Wo beginnt Zufriedenheit?

Ein Ländervergleich

Werden Menschen nach ihrer Zufriedenheit bezüglich Einkommen und Vermögen gefragt, so ergeben sich häufig sehr unterschiedliche Antworten: Nicht nur die Höhe der Einnahmen und Vermögensstände spielt eine Rolle, sondern auch die Nationalität des Befragten. Wie eine Studie der OECD aus dem Jahr 2017 zeigte, bewerten verschiedene Nationen ihre Zufriedenheit in Geldfragen sehr unterschiedlich. Die Höhe des Kapitals pro Kopf ist dabei ebenso ausschlaggebend wie landesspezifische Mentalitäten.
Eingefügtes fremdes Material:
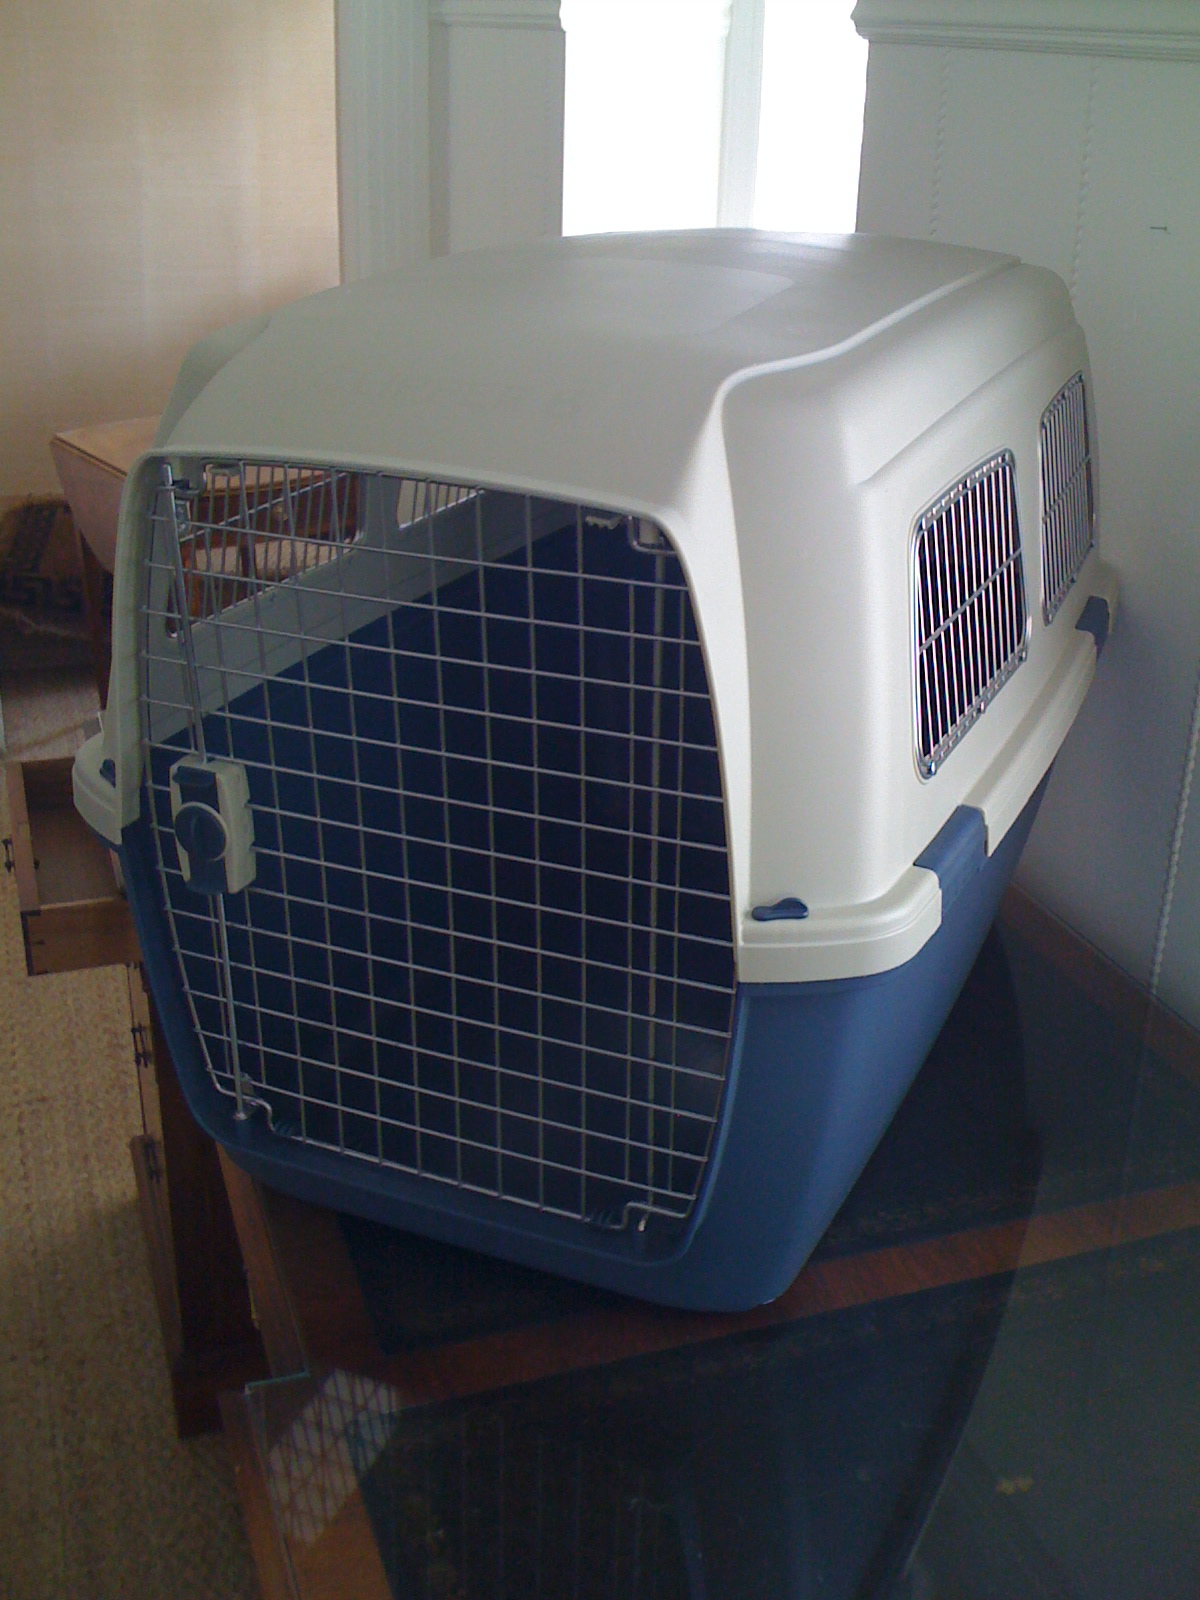 Grant K. Gibson Dog crate for sale - Grant K. Gibson

Die Bewohner der OECD-Länder konnten ihre individuelle Zufriedenheit zu verschiedenen Lebensbereichen auf einer Skala von 1 (niedrigster Wert) bis 10 (höchster Wert) angeben. Vor allem Länder mit einem sehr ausgeprägten und positiven Verhältnis zu Geld und Vermögensaufbau zeigten sich zufrieden. US-Amerikaner bewerteten ihre Zufriedenheit mit 10,0, Schweizer mit 7,5 und Luxemburger mit 6,7. Eben diese Länder wiesen allerdings auch das höchste bereinigte Haushaltsnettoeinkommen auf. Die Länder mit der geringsten Zufriedenheit – Brasilien (0,3) und Südafrika (0,4) – zeichneten sich hingegen durch das geringste Einkommen aus. Obwohl die Deutschen das fünfthöchste Haushaltsnettoeinkommen hatten, lag ihre Zufriedenheit in Geldfragen bei lediglich 5,0.

Die Schwelle zum Glück

Schon seit längerer Zeit beschäftigt Forscher die Frage, ab welchem Gehaltsniveau der Mensch am zufriedensten ist. Bisher beschränkten sich diesbezügliche Erhebungen aber in der Regel auf einzelne Länder. Vor allem der US-amerikanische Raum wurde hierfür untersucht. Im Jahr 2018 führten amerikanische Forscher daher erstmals eine weltweite Datenauswertung durch, welche eine Glücksgrenze beim Jahreseinkommen aufzeigen soll. Befragt wurden hierfür 1,7 Millionen Menschen ab 15 Jahren.

Das Haushalts-Jahreseinkommen wurde bei dieser Studie mit der Personenanzahl eines Haushalts in Bezug gesetzt, um genauere Ergebnisse zu erhalten. Die größte Zufriedenheit stellt sich demnach bei einem jährlichen Durchschnittseinkommen von 76.000 Euro (95.000 US-Dollar) ein. Blickt man auf bestimmte Regionen der Welt, so ändern sich die Grenzwerte jedoch dramatisch: In Lateinamerika und im Süden Afrikas ist man bereits mit 31.000 Euro bzw. 35.000 Euro am zufriedensten. In Europa und Skandinavien liegt die Schwelle hingegen bei rund 80.000 Euro. US-Amerikaner fühlen sich bei einem Jahreseinkommen von 93.000 Euro am zufriedensten – dieser Wert wird nur noch von den arabischen Staaten Vorderasiens mit einem Grenzwert von etwa 102.000 Euro übertroffen.

Hohe Ansprüche

Die Studienergebnisse lassen vermuten, dass besonders wohlhabende Menschen eine vergleichsweise hohe Zufriedenheitsschwelle haben: Erst bei einem signifikant höheren Einkommen fühlen sie sich zufrieden. Dies bestätigt eine Erhebung der Harvard Business School und der Universität Mannheim aus dem Jahr 2013. Die beiden Hochschulen befragten 2129 Vermögensmillionäre aus 17 Ländern zu ihrem Verhältnis zu Geld. Die Forscher wollten wissen, wie viel mehr Vermögen die Millionäre besitzen müssten, um sich besonders zufrieden zu fühlen. Die Befragten besaßen mindestens 1,5 Millionen US-Dollar.

Unabhängig von ihrem Besitz gaben alle Befragten zu, mindestens zwei- bis dreimal so viel Vermögen anhäufen zu müssen, um völlig zufrieden zu sein. Für 26,8 Prozent bräuchte es eine Vermögenssteigerung von 1000 Prozent, um volle Zufriedenheit zu erreichen. Weitere 24,5 Prozent benötigten eine Steigerung von 500 Prozent, während sich 23,2 Prozent mit einer Verdopplung des eigenen Vermögens begnügten. Am zufriedensten wären die Millionäre demnach bei einem Besitz zwischen 8 und 15 Millionen US-Dollar. Jenseits dieser Summe wächst die Unzufriedenheit hingegen wieder.